Маркус аккуратно, еле дотрагиваясь, ведет пальцами вдоль спины сверху вниз, останавливается на каждом торчащем позвонке, оставляет на шее свое дыхание, царапает щетиной тонкую кожу. Элайджа прогибается в ответ, чувствует желание. Такое сильное, что не может сдержаться и тянется чтобы обхватывает себя, Маркус его останавливает:

— Я сам.

Элайджа послушно опускает руку. Ладонь Маркуса, шершавая и грубоватая, оказывается там, где только что была его. Чужие пальцы сжимают Элайджу, и от этого ощущения скручивает низ живота, бросает в жар, ноги сами подгибаются в коленях. Элайджа хочет сказать, что ему нравится. Но язык опять тяжелый как в детстве, слова в голове разбегаются в разные стороны — не собрать.
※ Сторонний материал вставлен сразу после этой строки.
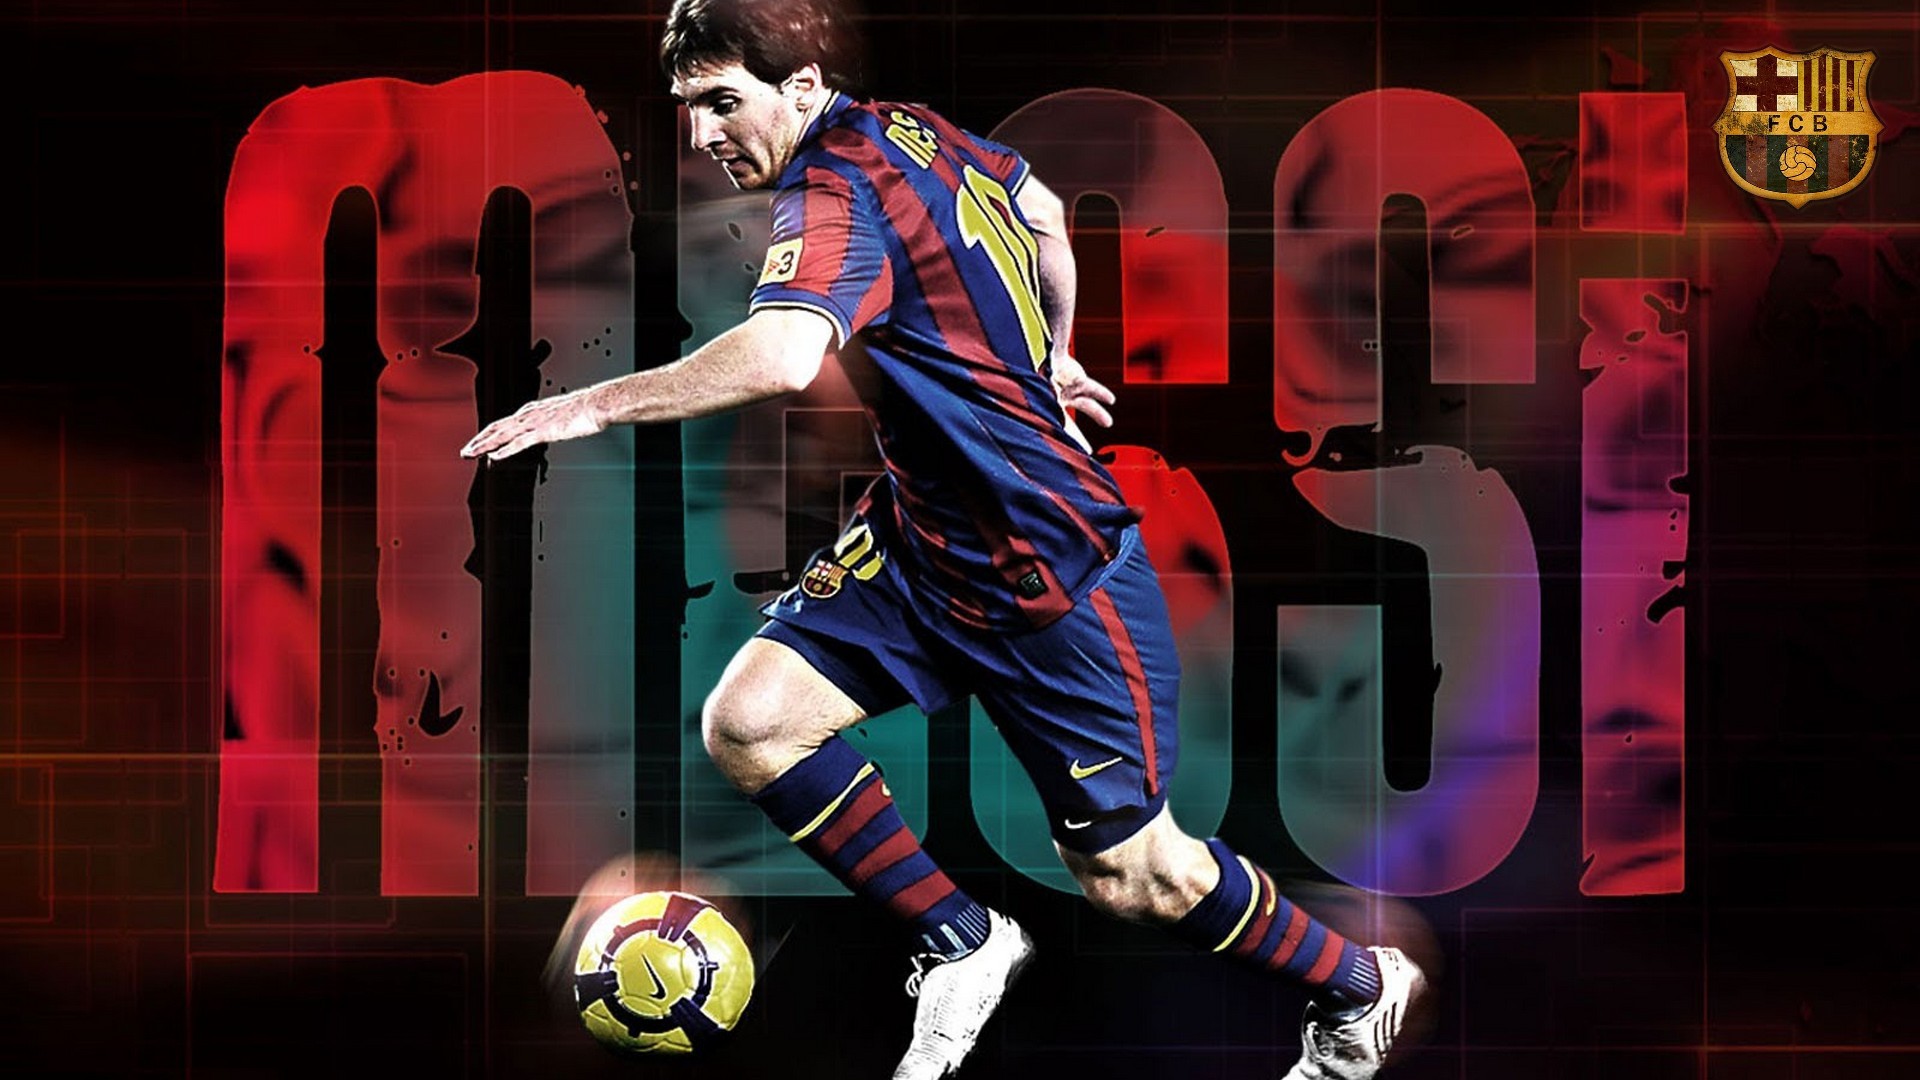 Lionel Messi Barcelona Wallpaper For Mac Backgrounds with resolution 1920x1080 pixel. You can make this wallpaper for your Mac or Windows Desktop Background, iPhone, Android or Tablet and another Smartphone device

Он хватает воздух как рыба, выброшенная на берег. Неужели болезнь возвращается?!

— Это ничего, Лайжа. Это просто возбуждение.

Маркус двигает рукой, Элайджа не может сдержать стон, не может сдержать дрожь, не может нормально дышать — его тело ему больше не подчиняется.

— Не сдерживай себя. Если хочешь — говори, или кричи, или двигайся. Не держи в себе.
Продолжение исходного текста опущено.